> _Records supplied_:
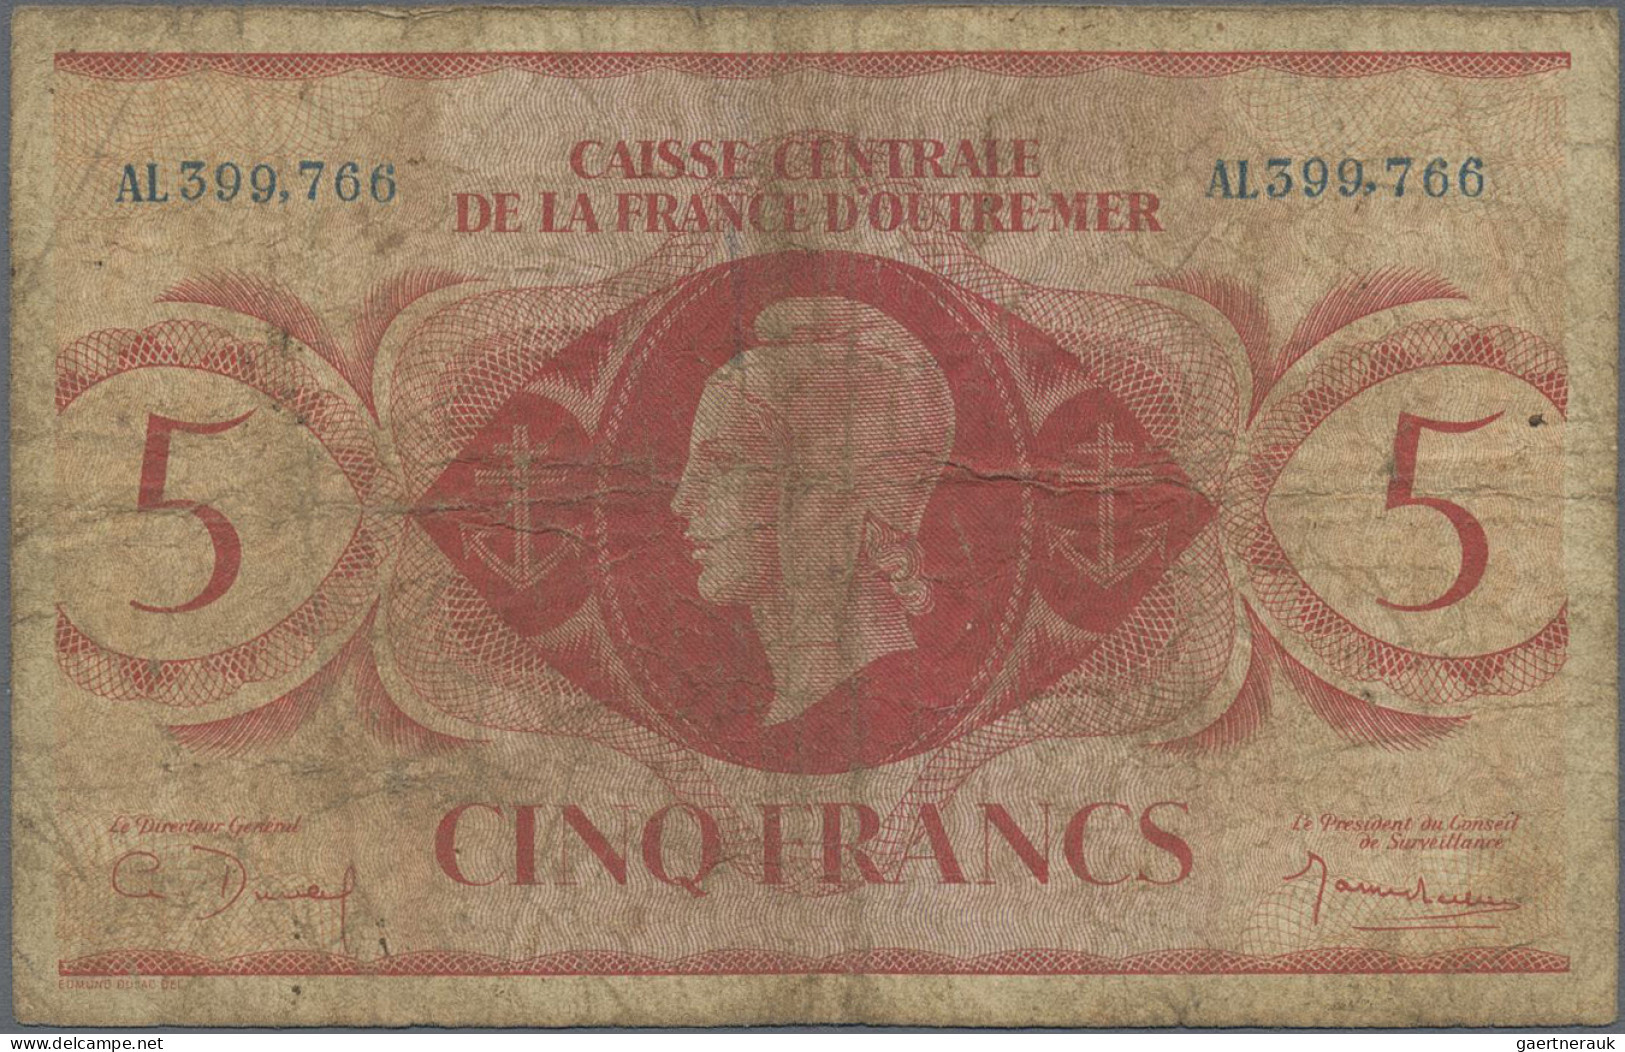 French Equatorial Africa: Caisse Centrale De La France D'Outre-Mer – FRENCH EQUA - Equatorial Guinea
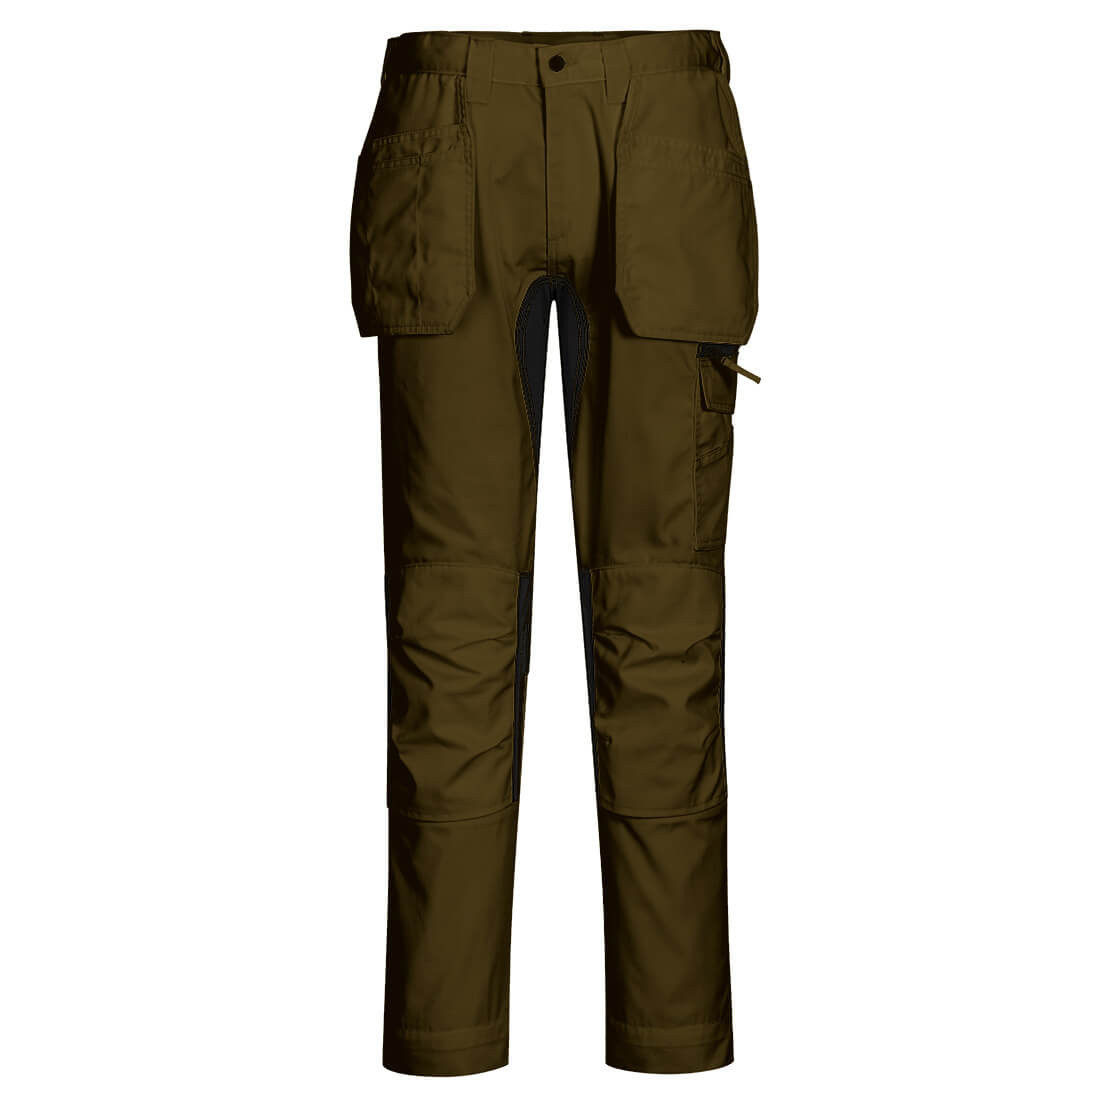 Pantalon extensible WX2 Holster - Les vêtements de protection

...

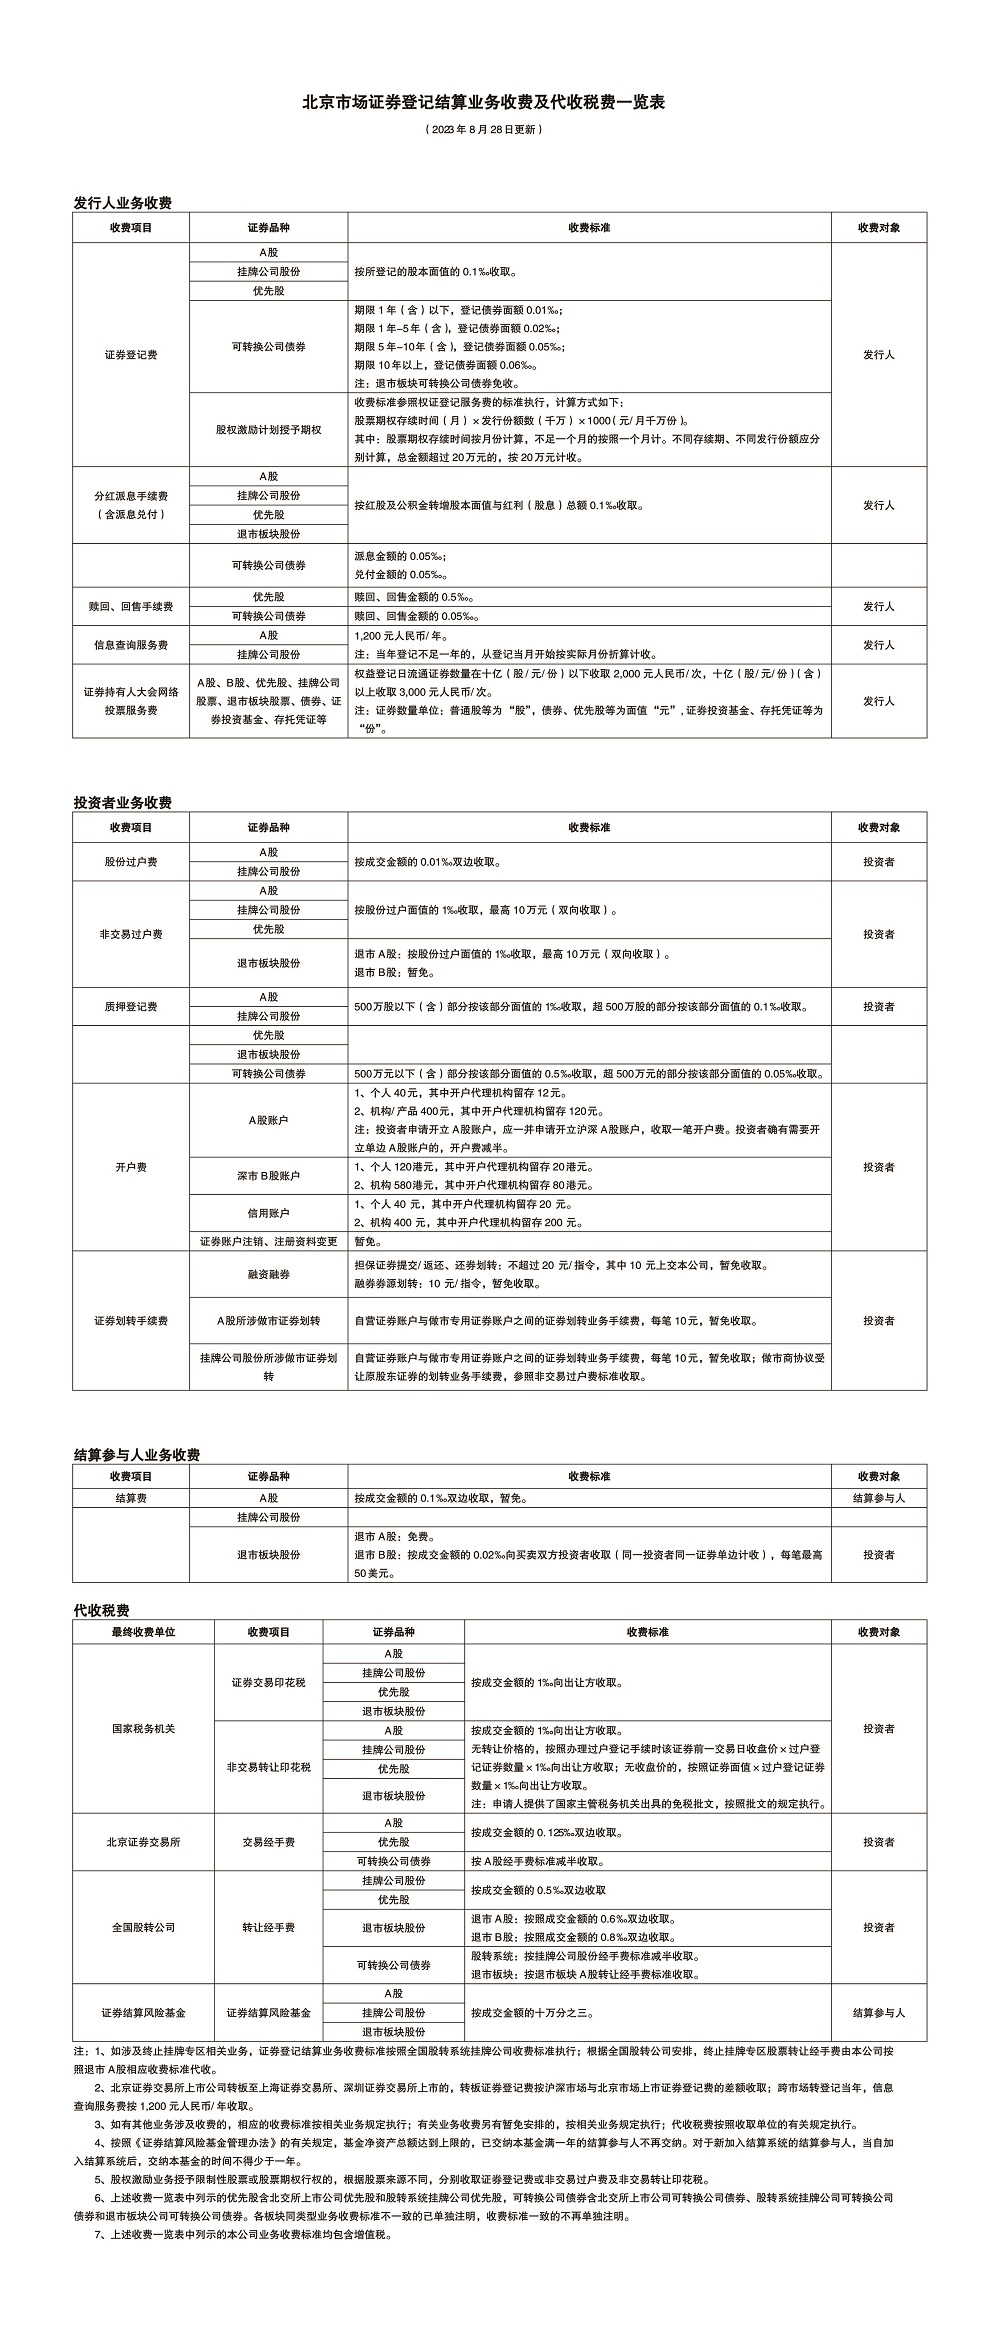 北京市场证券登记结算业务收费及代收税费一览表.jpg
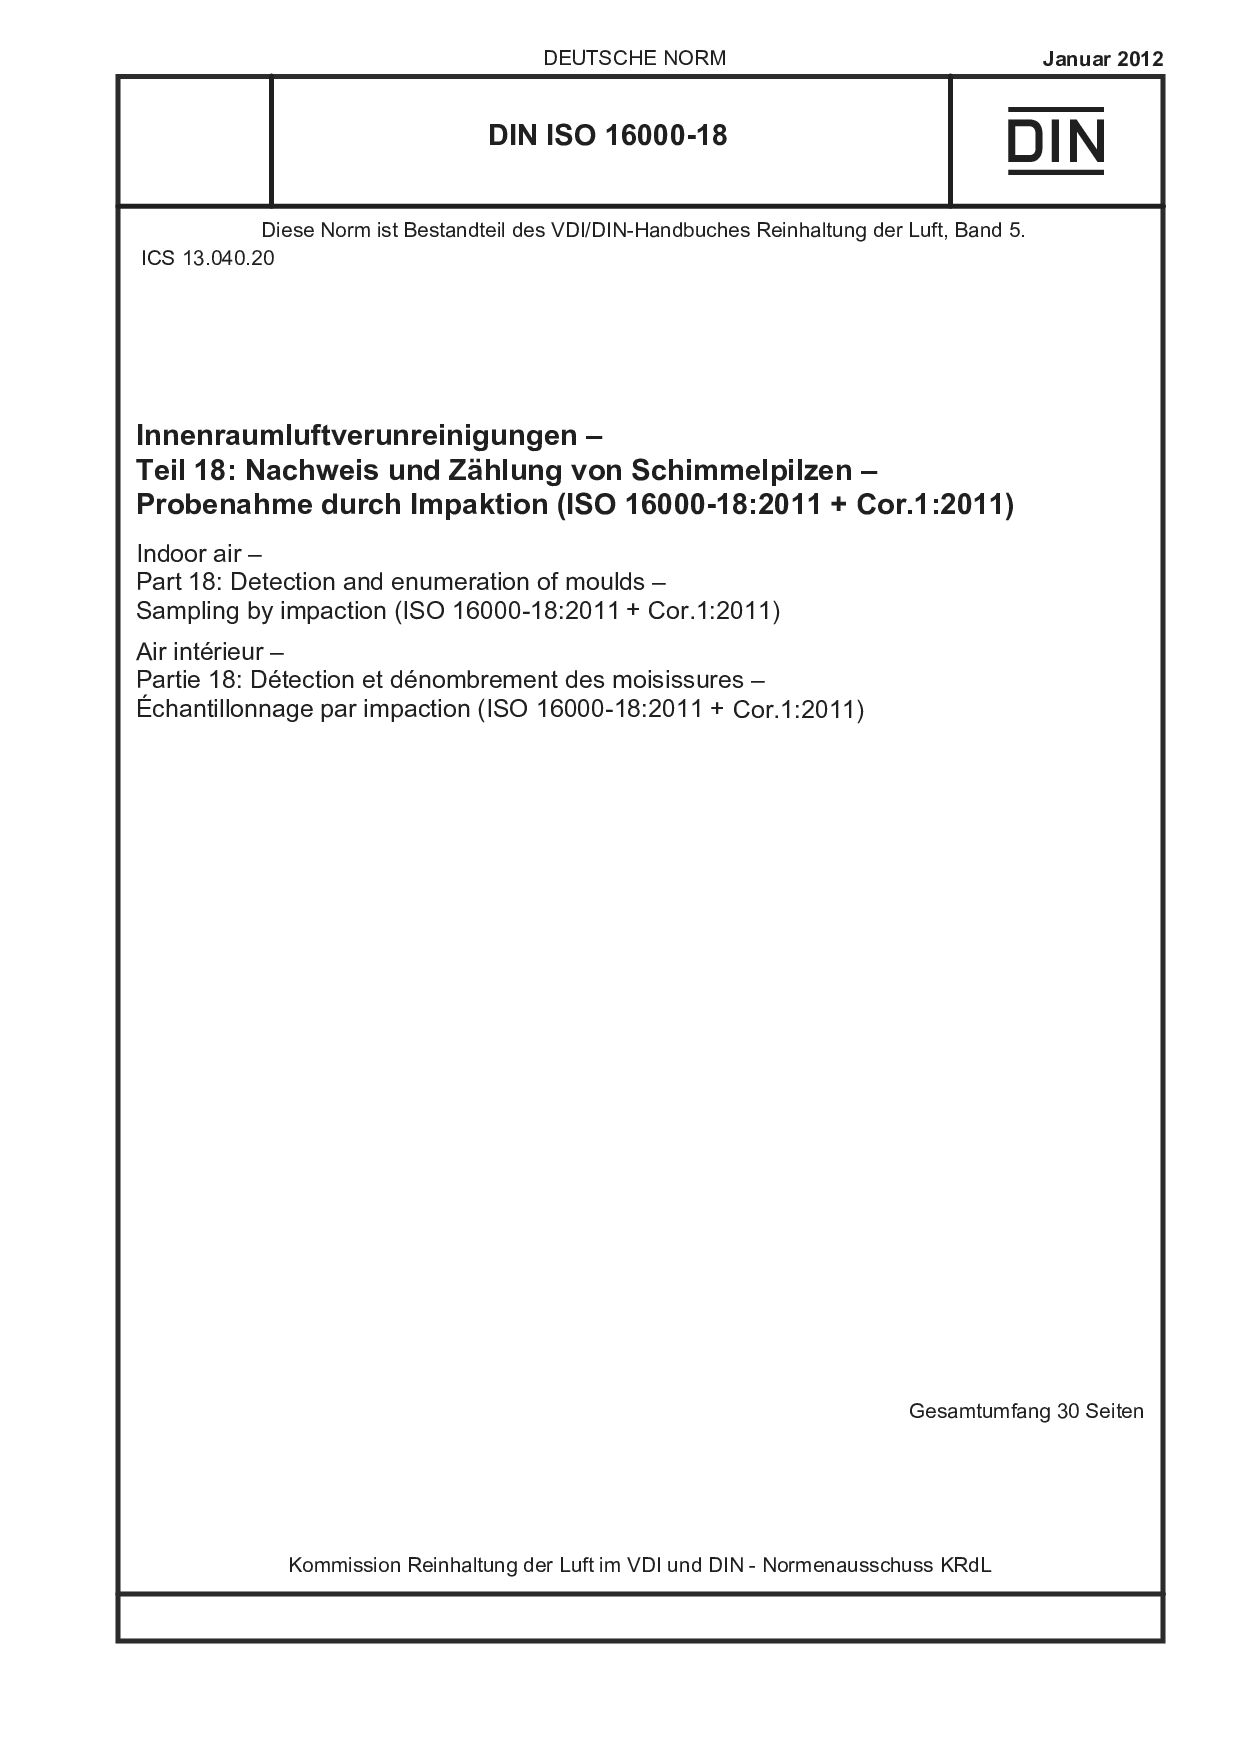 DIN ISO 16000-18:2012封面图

==

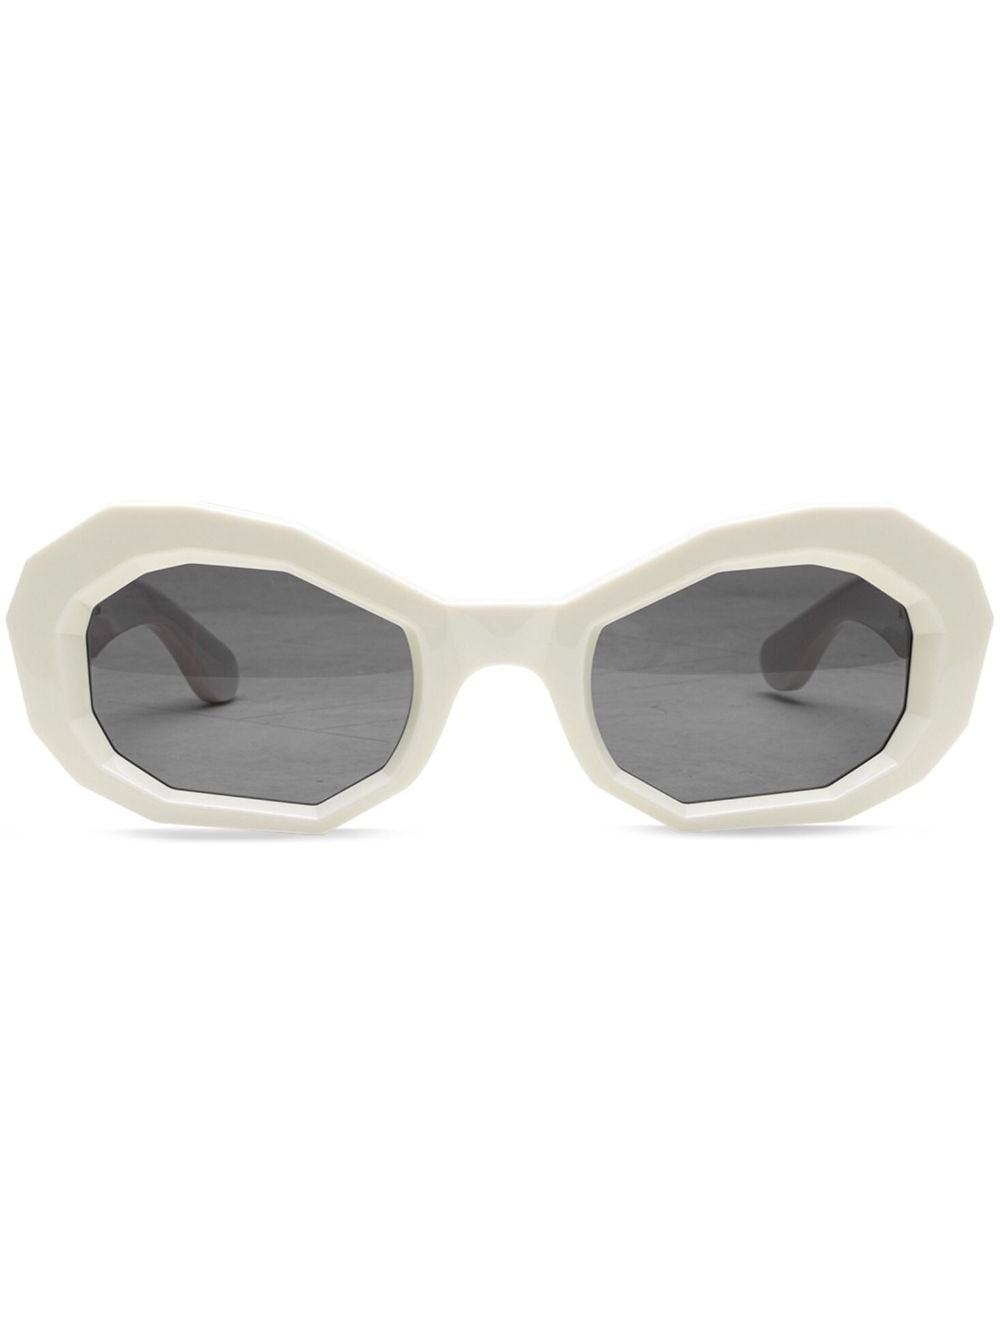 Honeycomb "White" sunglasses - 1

> _Task details_: Although pictures appear among the records above, write out exactly only the lines from the one that has "French Equatorial Africa: Caisse" through the one that has "Pantalon extensible WX2", and leave the pictures out.

> _Solution to the exercise_:
 French Equatorial Africa: Caisse Centrale De La France D'Outre-Mer – FRENCH EQUA - Equatorial Guinea
 Pantalon extensible WX2 Holster - Les vêtements de protection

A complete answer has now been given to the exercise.